My issue with this approach – outsourcing your finances to avoid disastrous spending – is that this leaves you exposed to the problems of advisers. Would it not be better to learn how to avoid these traps? To do the work required to mitigate these temptations? To self-impose limits and restrictions so that you can’t behave in such a way?
The Real Deal
The rule of 3
There are 3 scenarios in which you may need the help of a financial adviser:
- Approaching retirement/old age. This situation is very important to manage correctly, and can be confusing. You (should) also have sufficient capital to justify enlisting the help of a professional, especially when you start to make a plan for when you pass away.

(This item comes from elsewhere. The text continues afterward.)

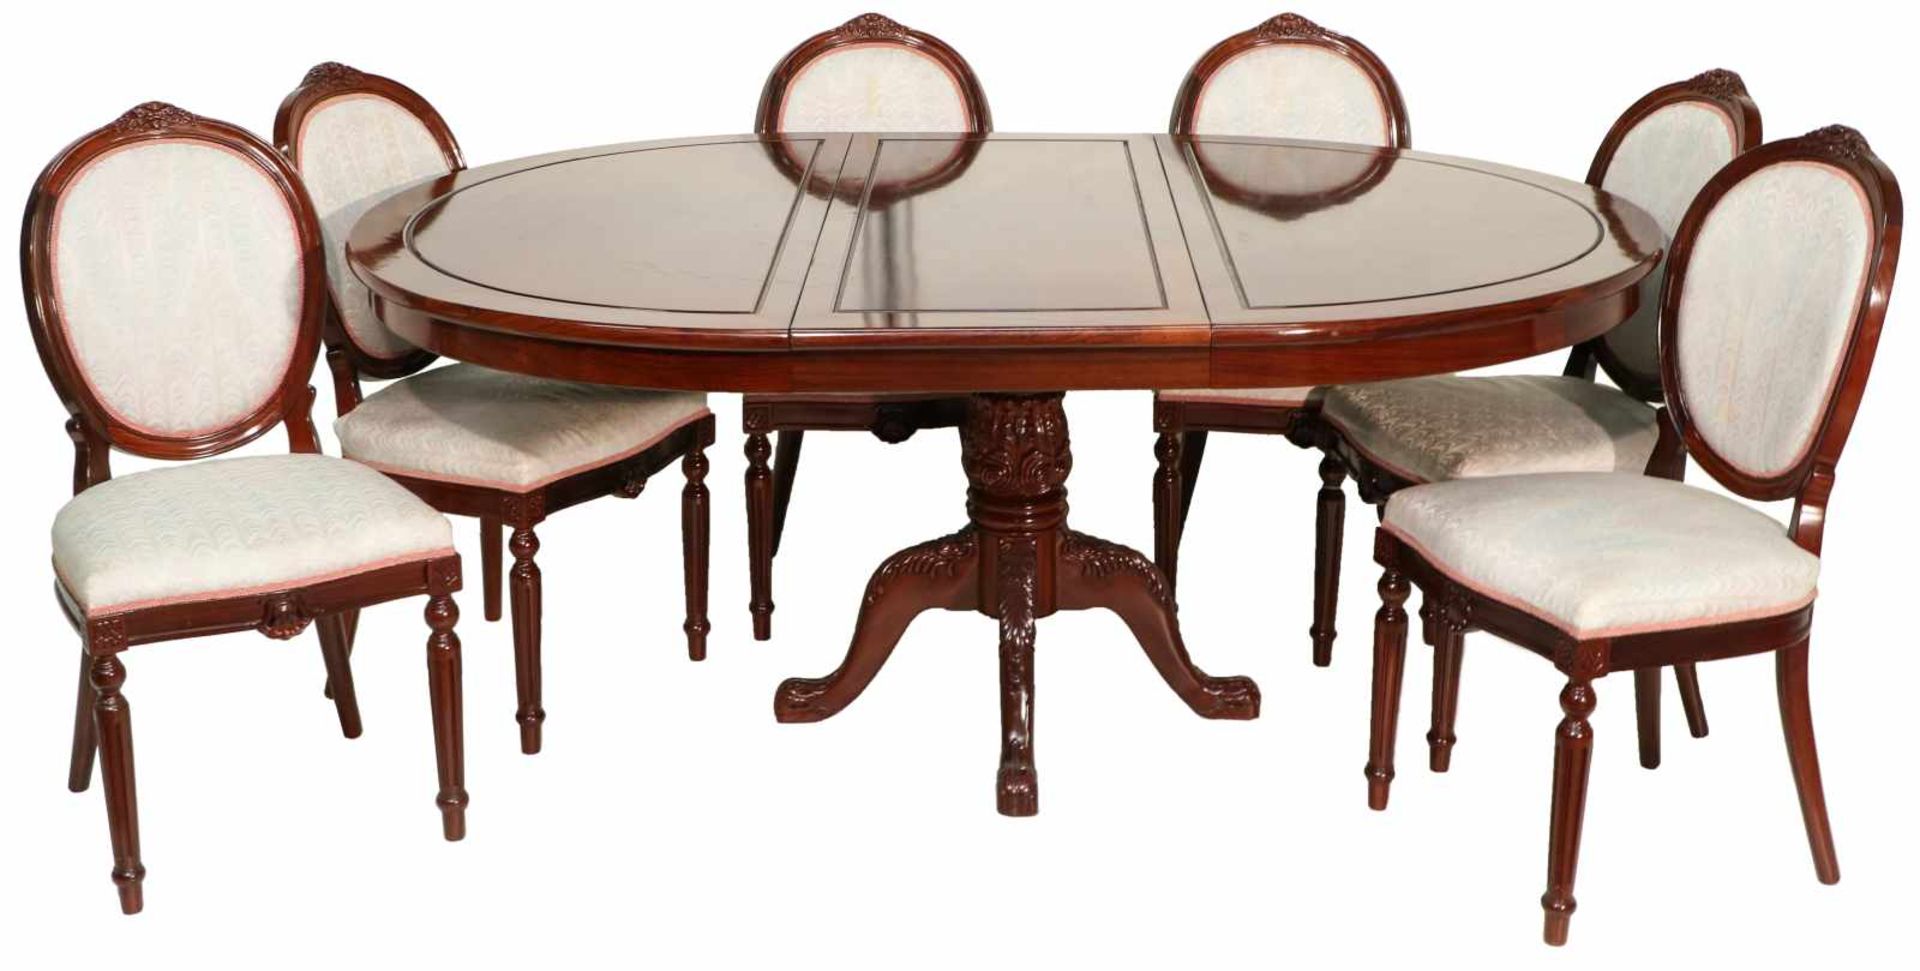 A mahogany extendable table with (6) matching chairs, after earlier example.

- High net worth. Again, it is much easier to justify using a financial adviser when you have finances that need to be advised on. At a certain level of asset value and diversity, managing everything yourself becomes too difficult. You probably need help.
- Complex financial situation. Finance can get messy. There are times in which the situation is so messy that you need a professional to provide some clarity.
Advisers are good at details. They know how to minimise your taxes and which savings account will give the best interest rate at any given time. Hence, they can be useful when the situation is complicated and the details matter.
Does everyone need a financial adviser?
It’s like asking if everyone needs a personal trainer? Does everyone need a professional nutritionist? Does everyone need a professional to help with every part of their life?
Most people don’t have a fucking clue about most things. A good professional would certainly do better than your average uninformed civilian.
But the scenario in which everyone has this professional support is impossible. There are simply not enough good professionals to go around. We might be able to get kind of close due to the approximately 0 cost of distribution of information. The best whatever can now share their knowledge with everyone at very little cost. So we should theoretically arrive at a point in which the best teachers are teaching essentially everyone.
However, this teaching cannot be personalised. These teachers can give us principles, maybe even strategies, and some examples. What they can’t give is the care and attention and the specific implementation of this knowledge to our particular situation. Advice distributed in this way will never be sufficient.
A real, tangible, possible Utopia is one in which everyone has the basic level of financial education and desire required to manage their own finances. Because once you know what to do, the implementation is easy. It’s the what that’s hard.
But this what can be determined by research and thinking and data and life (and this blog). With this what in hand, well-informed, enthusiastic individuals managing their own finances will do as well as financial advisers.